Sometimes, but not always, old and clunky standards linger on where they refuse to die, because doing things the right way is actually quite difficult. Not to mention that if the old way of doing something has always worked, it usually has enough managerial or influential inertia to carry it on into a future that’s very different from what its developers envisioned.

Many years ago, PHP6 was announced as a planned upgrade path from PHP5.x. Many promises were made: Namespaces, closures, and unicode support (in the form of UTF-16) to name a few. But the process stalled as developers were bogged down by the difficulty of converting everything to Unicode. Namespaces and closures were eventually migrated into the PHP5.3 branch, and it seemed that language-level unicode support would have to wait. It also didn’t help that many users complained loudly about potential breakage; alas, sacrifices must occasionally be made when moving forward, and in our industry, it’s often the users themselves who most fiercely resist change. Admittedly, the entrenchment of PHP in the web services sector probably hasn’t helped much to this end…

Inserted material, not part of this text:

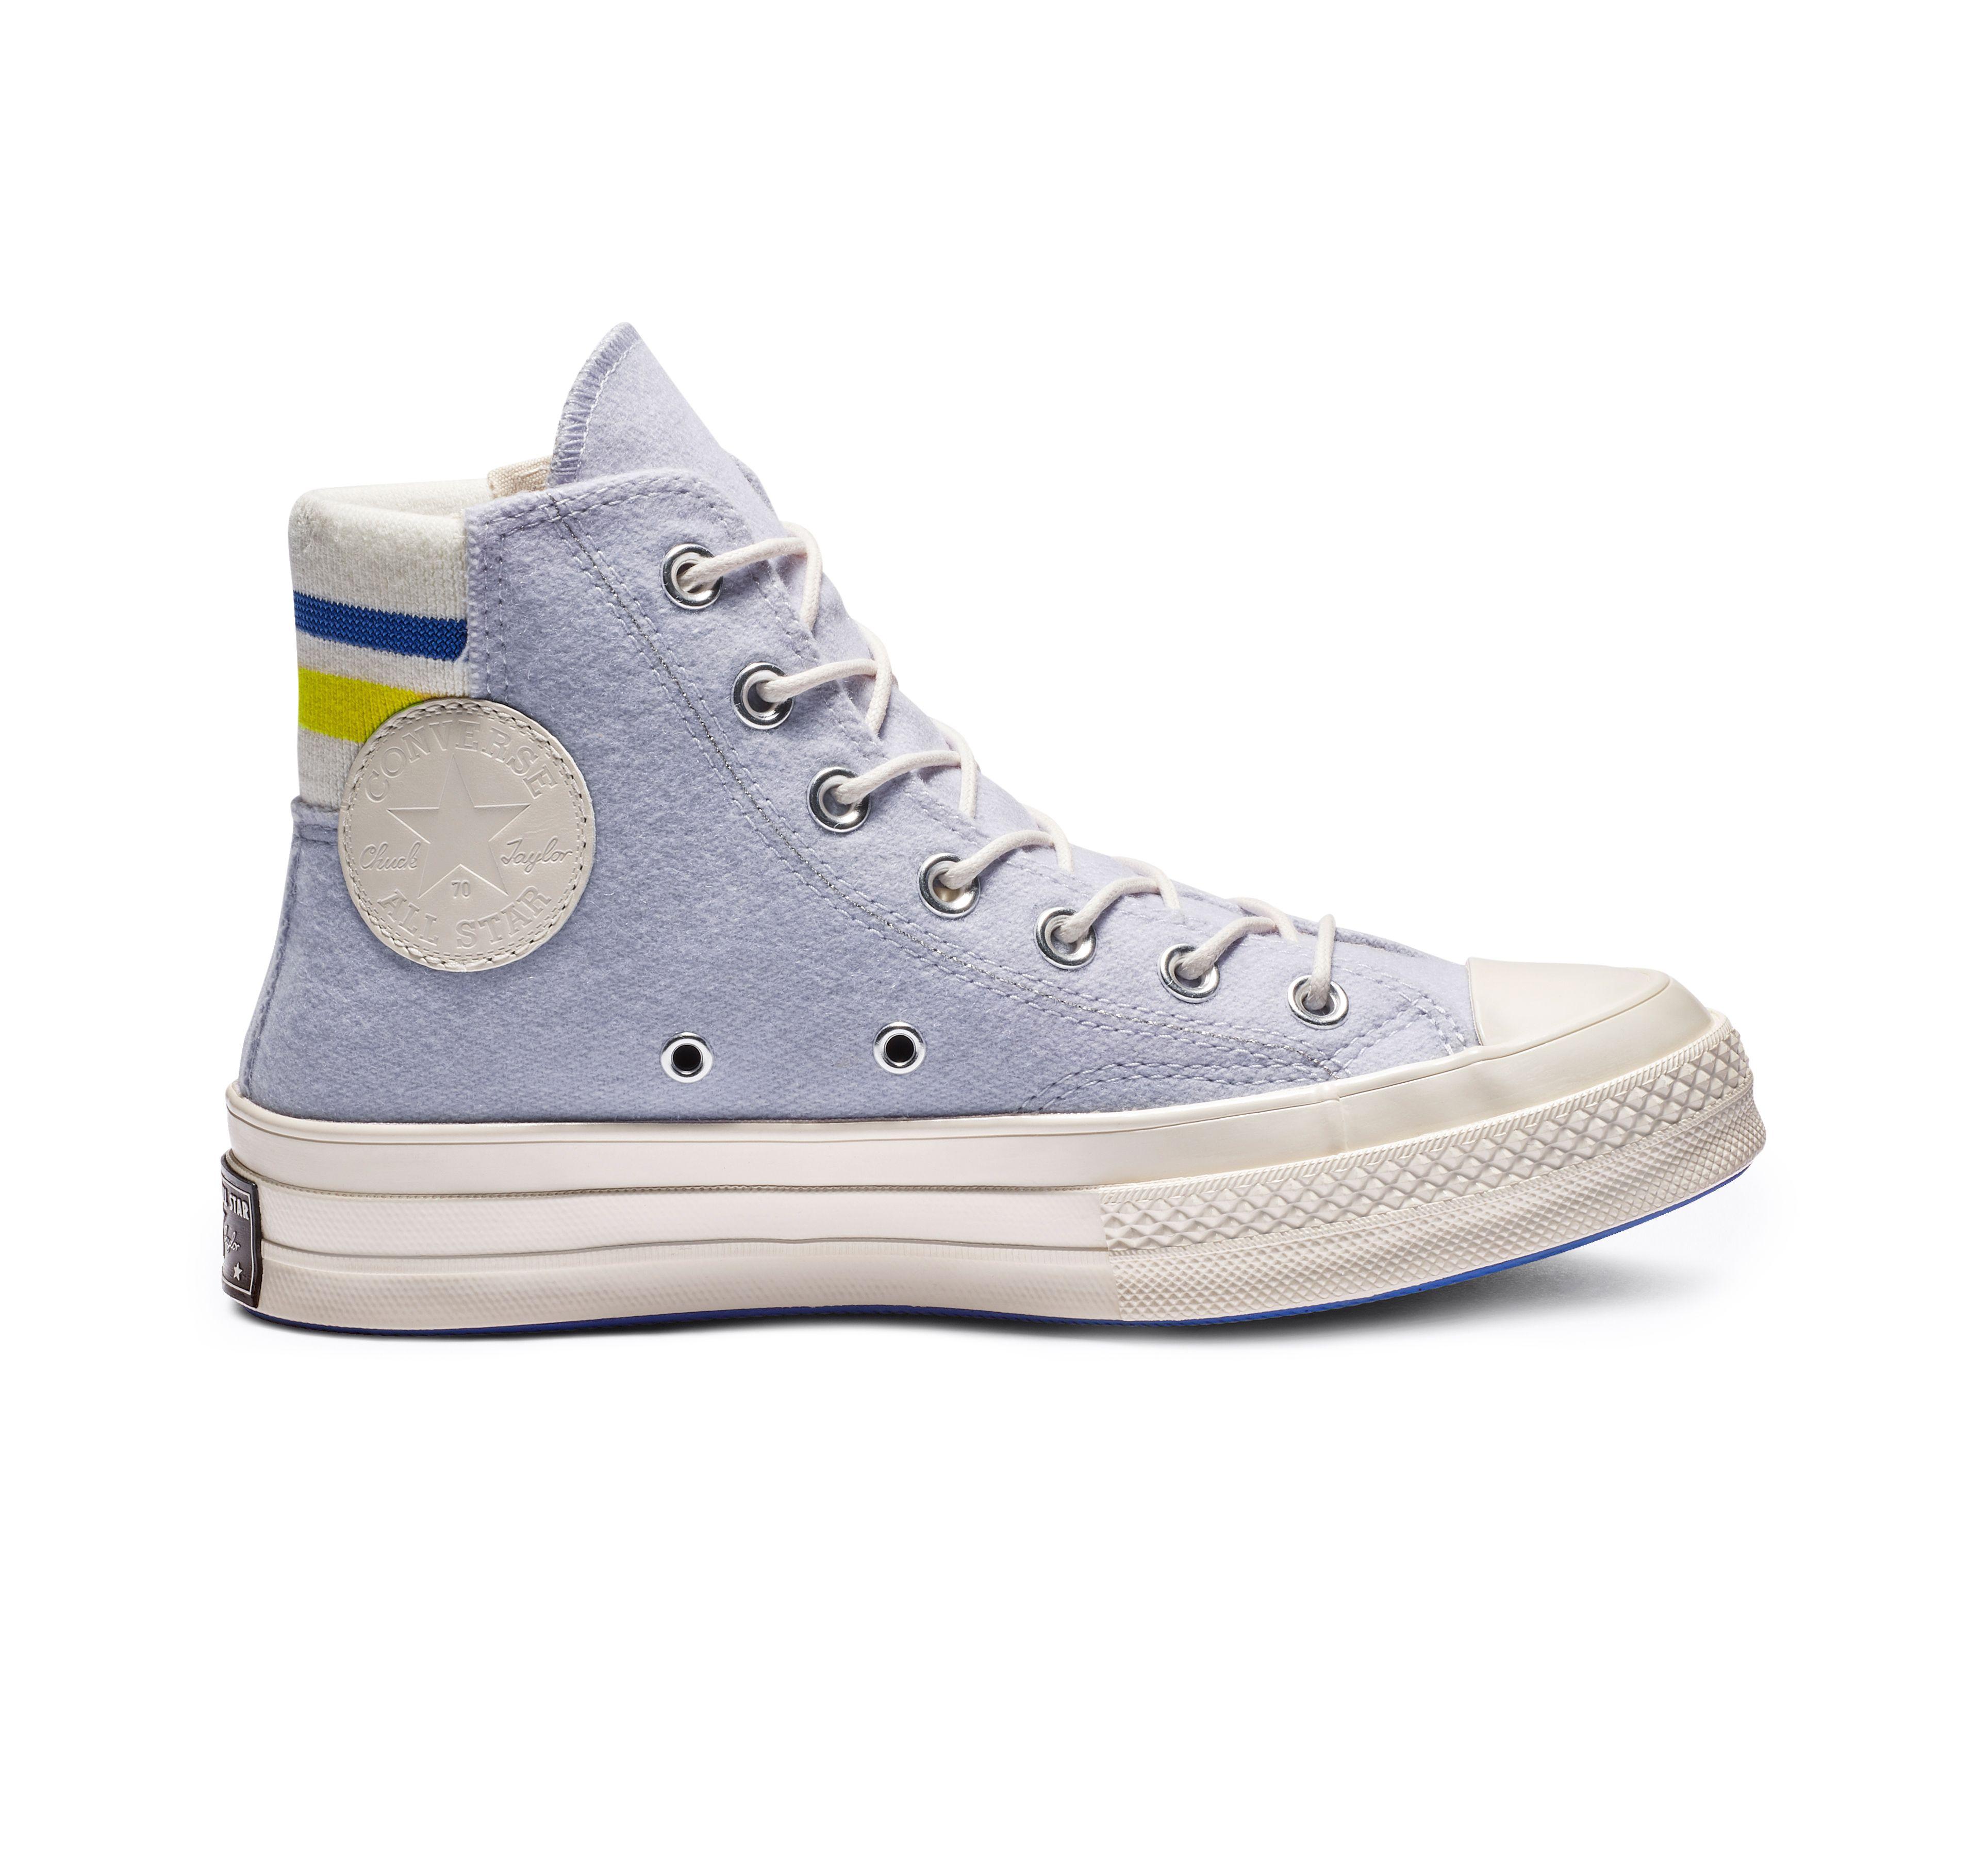 Chuck 70 Retro Stripe High Top | Black high top shoes

The current metrics are nevertheless quite promising in spite of the delays. As of present, the current statistics indicate that the core conversion of PHP to unicode is about 70% complete (accessed May 2nd, 2012). Of course, what progress has been made–if it’s anything short of complete–is of little use to those who have an immediate need for complete unicode support. For others, like myself, unicode is a nice-to-have, but for a majority of the work-related data I’ve seen, it’s a matter of dealing with systems that were written years ago by naive developers.

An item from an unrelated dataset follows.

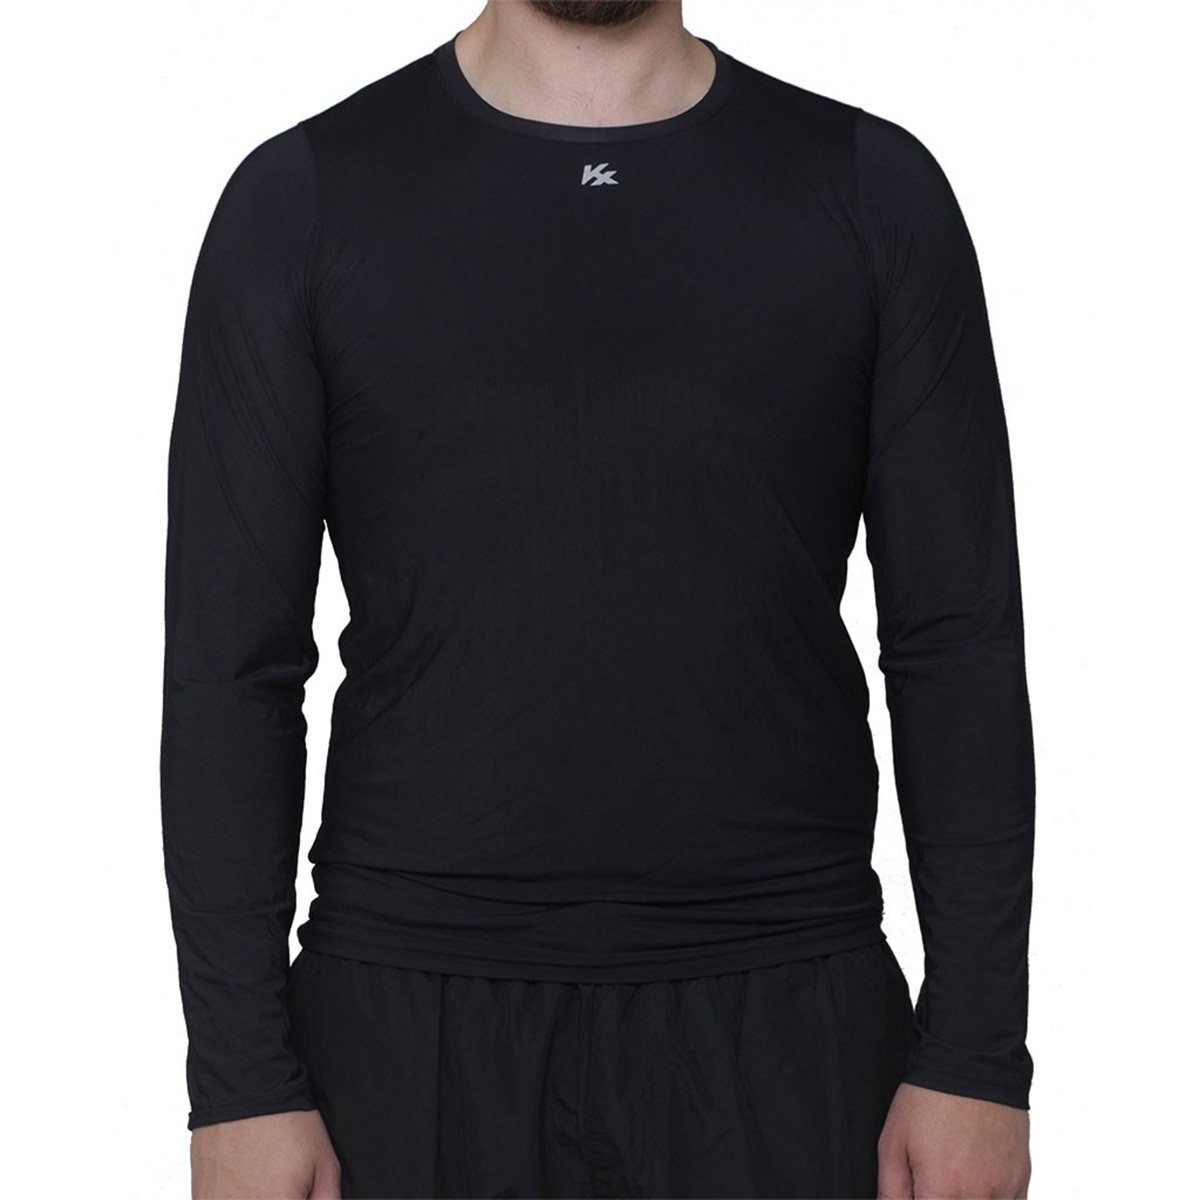 camisa termica kanxa alta compressao masculina 6400.006 - m. Carregando  zoom. efbd0c6357cdc

Continuing the story: MySQL eventually added mostly-working support for UTF-8. I say mostly, because it like everything that came before suffered from occasional breakage and the weirdness one might expect in a system that saw such a drastic change. However, even in the early days it worked well for systems that were careful not to mangle incoming unicode and for those that were properly configured. Indeed, a fresh install of WordPress will configure tables to use UTF-8 as the default character set (assuming your server supports it, of course!), and if you’re careful, you can muck with incoming data via PHP without disturbing anything important. UTF-8, PHP, nor MySQL are fundamentally the problem; character set conversion, however, is.

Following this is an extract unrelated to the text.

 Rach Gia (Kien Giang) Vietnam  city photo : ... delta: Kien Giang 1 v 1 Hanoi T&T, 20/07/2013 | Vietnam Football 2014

With one of our latest site conversions, we noticed a flurry of unusual artifacts scattered throughout most of the articles we imported into WordPress from a CMS that shall remain unnamed. Things like “Ä”, which was supposed to be the UTF-8 non-breaking space, to “’”, which was supposed to be a stylized right-apostrophe (’), were scattered throughout almost every article. Evidently, the original site owners had interesting copy/paste habits (they used Word), but the site worked well for them and I can’t bring myself to judge anyone for putting together a system that worked for their specific needs.

I researched character encodings for a couple days, usually between fixing other things I had broken (oops!), and couldn’t come up with a definitive solution. I’m pretty sure I tried just about everything I could think of, including some unorthodox suggestions like examining the bin2hex() output, running an str_replace() on it, and then re-assembling it back into a binary string. But whereas an unorthodox–and unnecessarily complex–process might work, it isn’t often the right way to do something. Heck, I even tried various incantations of iconv and mb_string‘s conversion functions before giving up, left with the impression that whatever dark magics I thought I had once possessed regarding UTF-8 mangling had long since wafted away not unlike the wisps of smoke from a witch doctor’s extinguished incense burner.

After puzzling over the matter for a few hours the following morning an epiphany struck. The answer needn’t be so complex! Instead, perhaps it was the encoding PHP was using when it connected to the MySQL server that was the source of the problem. When I’d pull that data and save it over to the database that was UTF-8 encoded, that’s when it would be mangled. There was a character translation going on somewhere, and I was certain this was it.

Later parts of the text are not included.